Ant genomes have functional DNA methyltransferases (DNMT1, DNMT3). Differentially methylated regions (DMRs) between queens and workers affect:

• Alternative splicing of caste-biased genes
• Expression of insulin/TOR signaling pathway genes
• Juvenile hormone (JH) biosynthesis genes
• Vitellogenin (yolk protein) expression

\[ \text{JH titer} \xrightarrow{\text{high}} \text{Queen development} \qquad \text{JH titer} \xrightarrow{\text{low}} \text{Worker development} \]
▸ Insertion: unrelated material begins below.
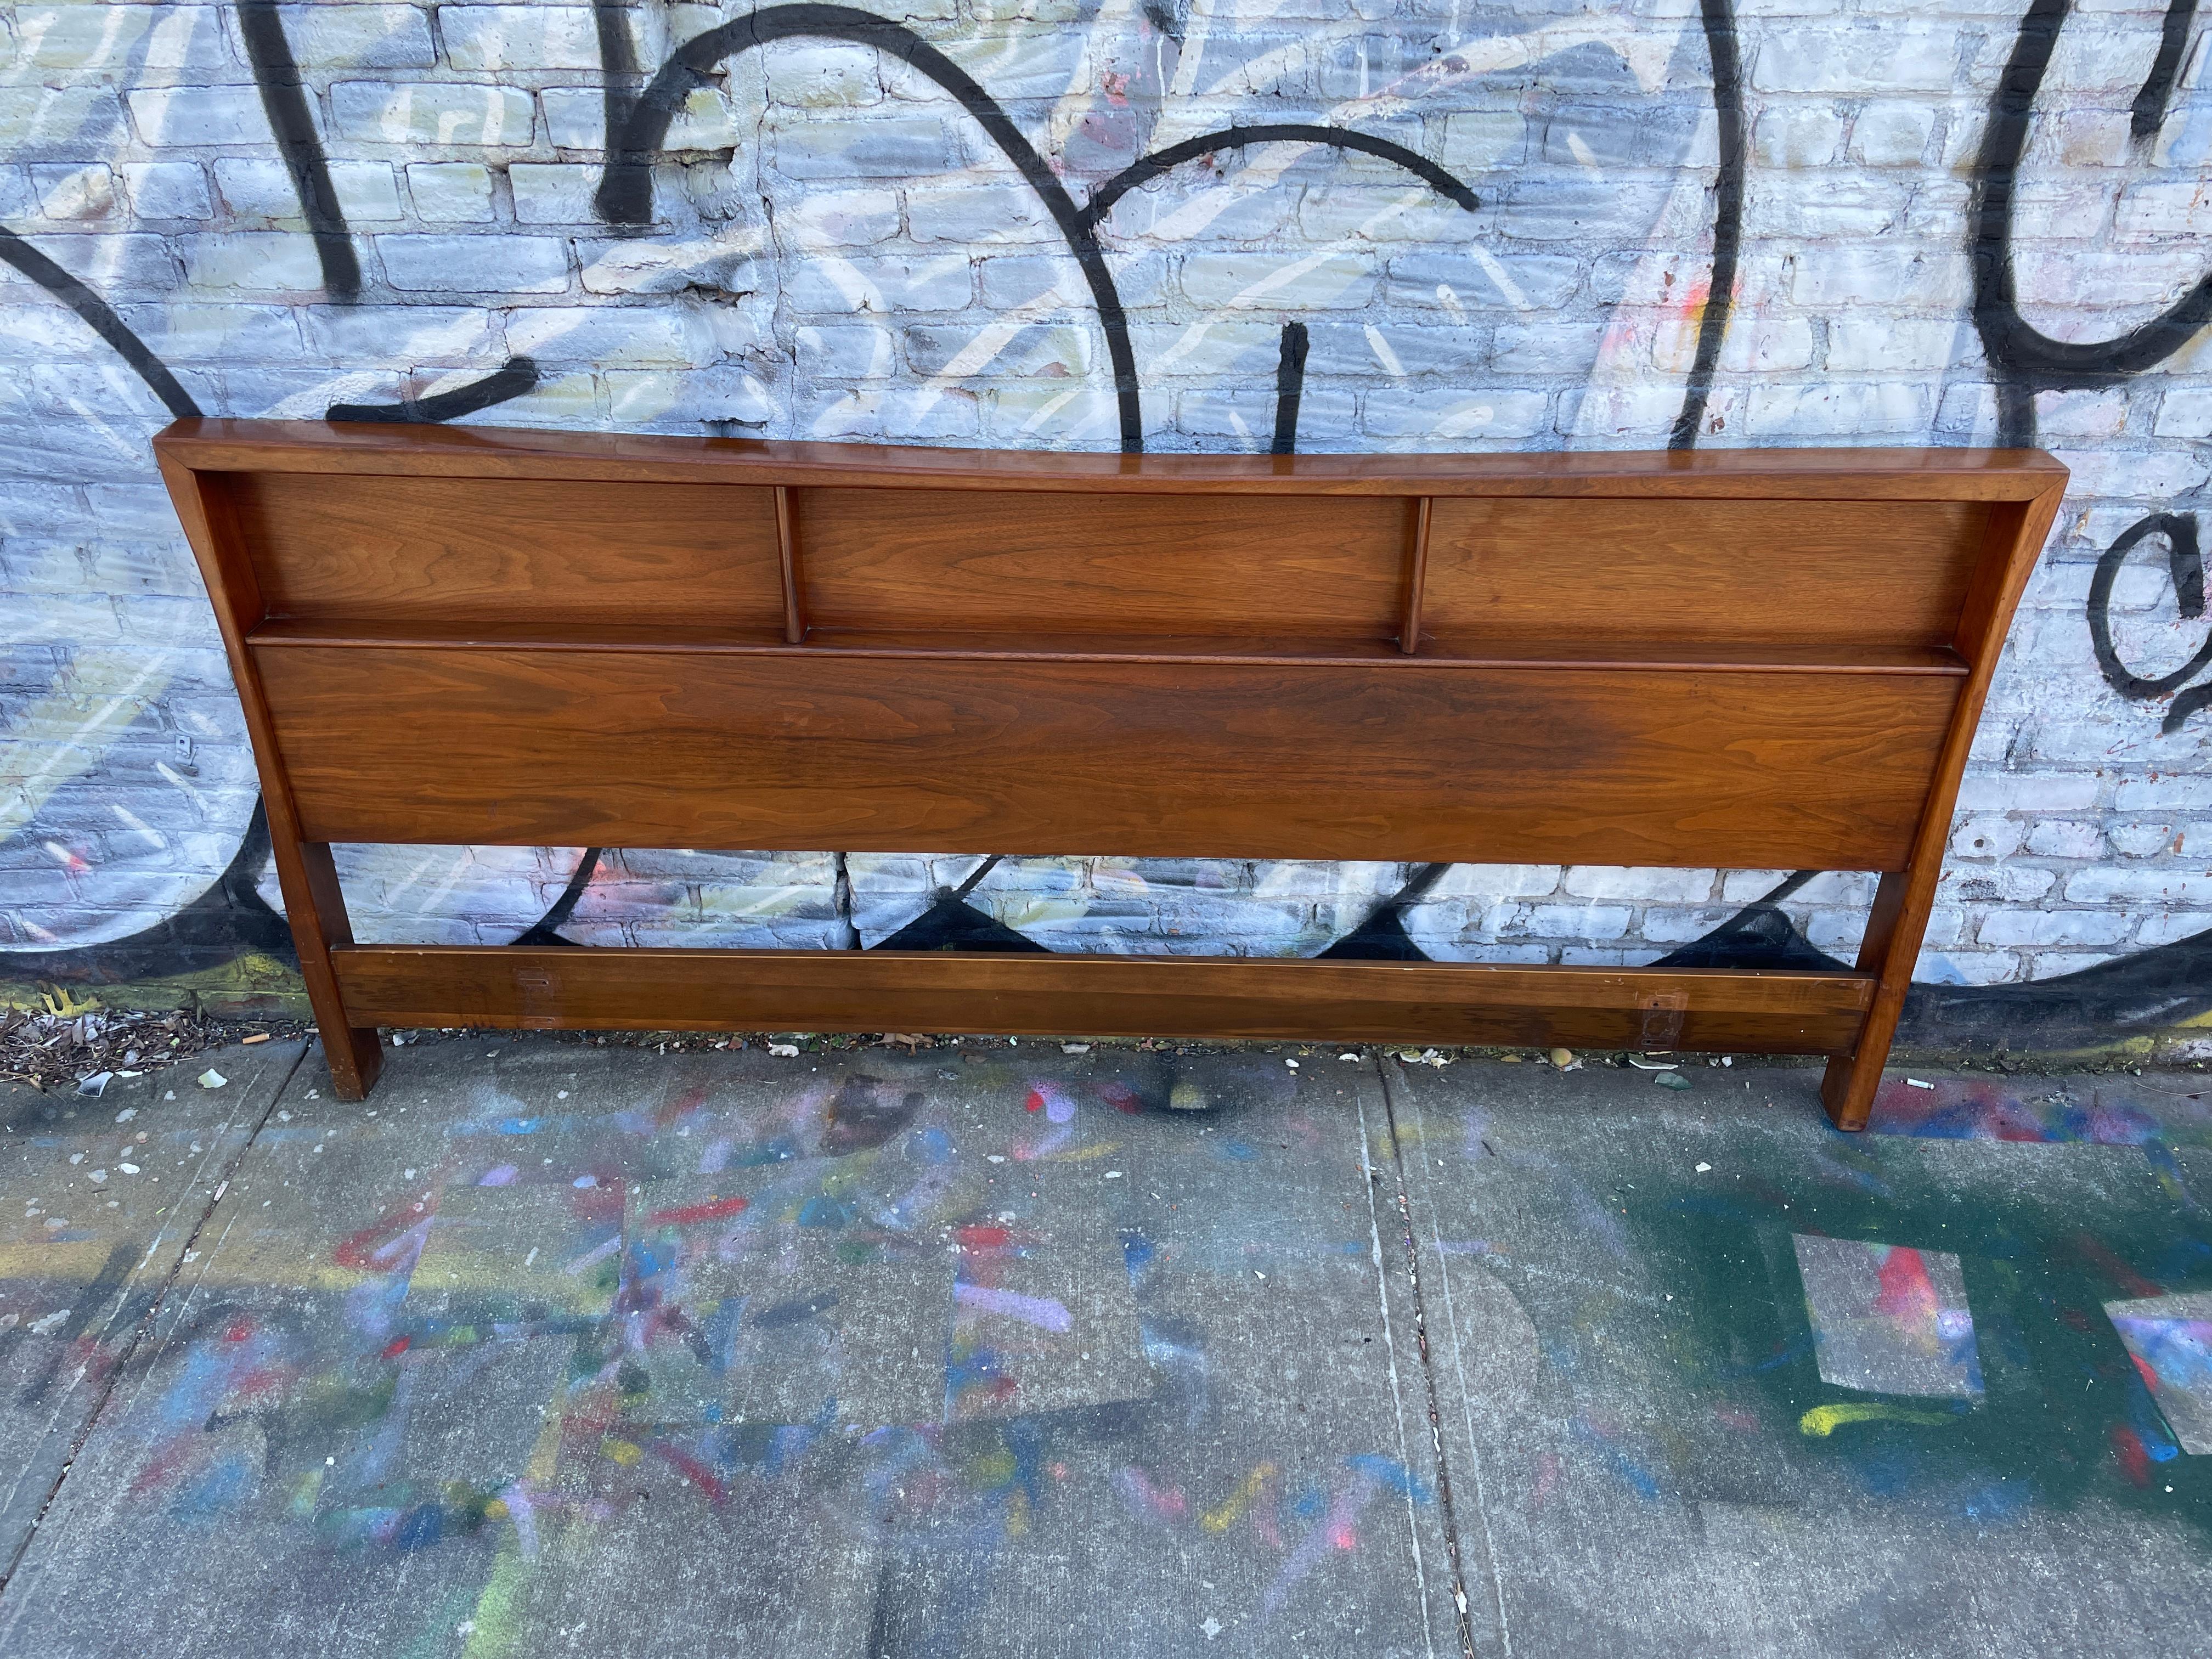 Beautiful American mid Century King bed headboard in excellent vintage condition with 3 narrow shelves - its perfect. finely crafted. Fits a King sized mattress. Bed Headboard only NO metal bed Frame. Easily mounts to all bed frames. Numbered on

Molecular Basis of Queen Longevity

• Telomere maintenance: Queens maintain telomere length throughout life (no shortening), while worker telomeres shorten normally. Queens upregulate telomerase reverse transcriptase (TERT) expression.
• Insulin signaling modification: In most organisms, reduced insulin signaling extends lifespan but reduces fecundity (the canonical aging tradeoff). Ant queens decouple this: they have high fecundity with modified insulin signaling that maintains somatic repair.
• Oxidative stress response: Queens upregulate superoxide dismutase (SOD) and catalase, providing enhanced protection against reactive oxygen species (ROS). The rate of aging can be modeled as:\[ \frac{d(\text{damage})}{dt} = k_{\text{ROS}} \cdot [\text{ROS}] - k_{\text{repair}} \cdot [\text{SOD}] \]Queens have higher \(k_{\text{repair}}\) and lower effective\(k_{\text{ROS}}\) due to protected nest environments.